Lorsque nous arrivions sur les lieux de la rencontre avec les plaignants dans une des concessions aux abords du marché autour de 10 h du matin, c’est une foule hétérogène d’une cinquantaine de personnes qui nous accueille, visiblement satisfaite de pouvoir exposer ses préoccupations à la face du monde. Les patriarches et autres vieux d’un coté, les jeunes de l’autre, tous partagent la même conviction : défendre quoi qu’il en soit les terres qui leur ont été léguées par leurs ancêtres. Trois quartiers sont représentés dans ce groupe : Signoghin par Boukary Rasidgui Ouédraogo, Kounsi-Guéré par son responsable coutumier et Songnaba par El Hadj Tasséré Ouédraogo ; Salifou Ouédraogo est le porte-parole attitré du groupe.

L’imam du dernier quartier, El Hadj Idrissa Ouédraogo, était également présent à la rencontre. Selon les protestataires qui, d’emblée, disent ne pas être opposés au projet de lotissement, tout serait parti de leur rencontre avec la commission ad’ hoc mise en place par le maire en décembre 2010. Il en est ressorti que les conditions d’attributions des parcelles sont les suivantes : 33 200 F CFA pour les résidents, 63 200 F CFA pour les non résidents, 103 200 F CFA pour la zone résidentielle et enfin 203 200 F CFA pour la zone commerciale. Les modalités pratiques étant de se faire recenser d’abord, formuler ensuite une demande adressée au maire et, enfin et surtout, s’acquitter intégralement des frais selon sa catégorie dans un plus bref délai au regard de la disponibilité des lots.

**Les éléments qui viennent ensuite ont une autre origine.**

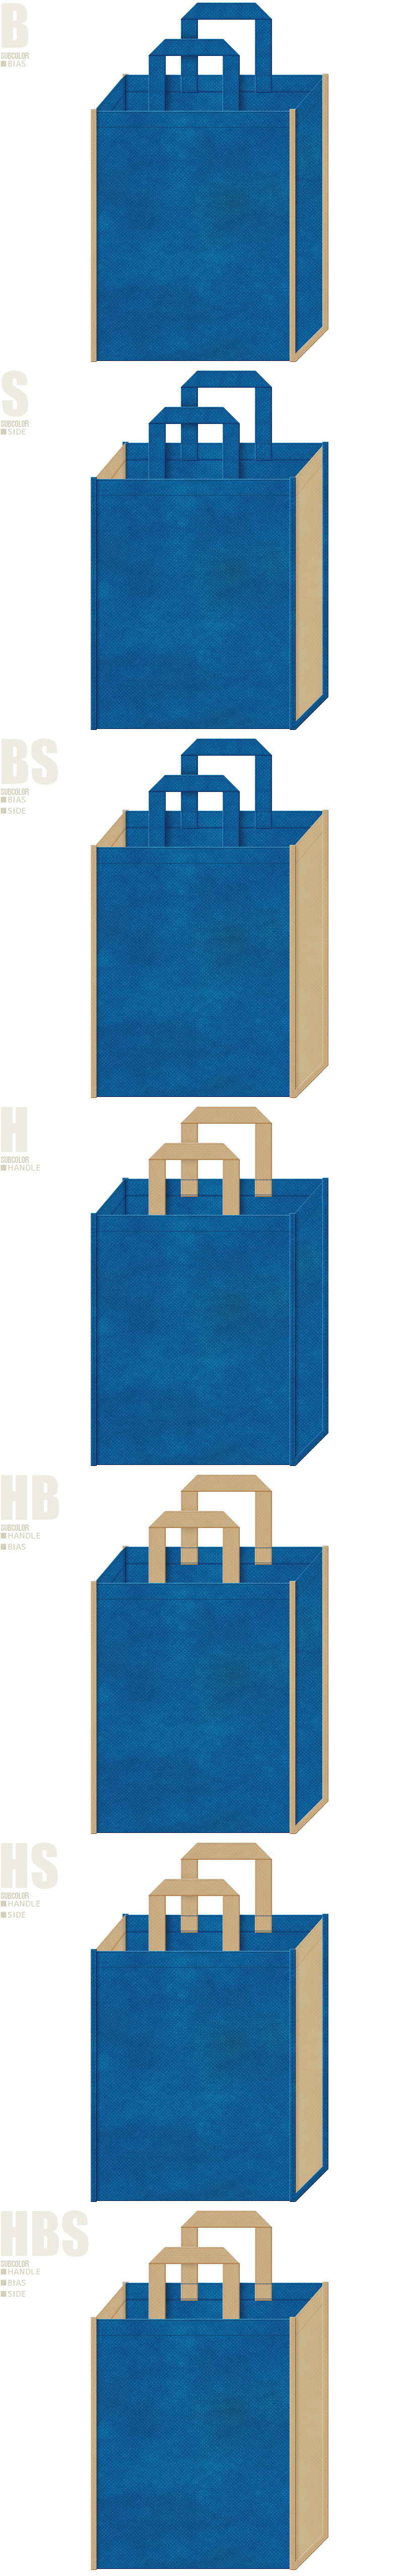 オンラインゲーム・ロールプレイングゲームの展示会用バッグにお奨めの不織布バッグデザイン:青色とカーキ色の配色7パターン

Dès lors, et en fonction de leur pouvoir d’achat, les propriétaires terriens, devenus de fait résidents, vont entrer dans une logique de négociation autour de plusieurs points. Quatre propositions ont été faites au maire par les propriétaires terriens dans une correspondance datée du 4 février 2011 : ramener le coût du paiement pour les résidents à 25 000 F CFA, accorder un délai de paiement de l’intégralité des frais de lotissement de 6 mois, attribuer à chaque enfant majeur une parcelle au coût ci-dessus indiqué et élargir la commission d’attribution des parcelles à toutes les sensibilités. La seule réponse du maire a été, selon nos interlocuteurs, une invite à rencontrer la commission ad’ hoc pour ces propositions. Chose que les auteurs des propositions rejettent catégoriquement. "La commission est composée à 100% de militants du parti du maire (ndlr : UNIR/PS)" ; proteste Salifou Ouédraogo d’un ton subitement agressif.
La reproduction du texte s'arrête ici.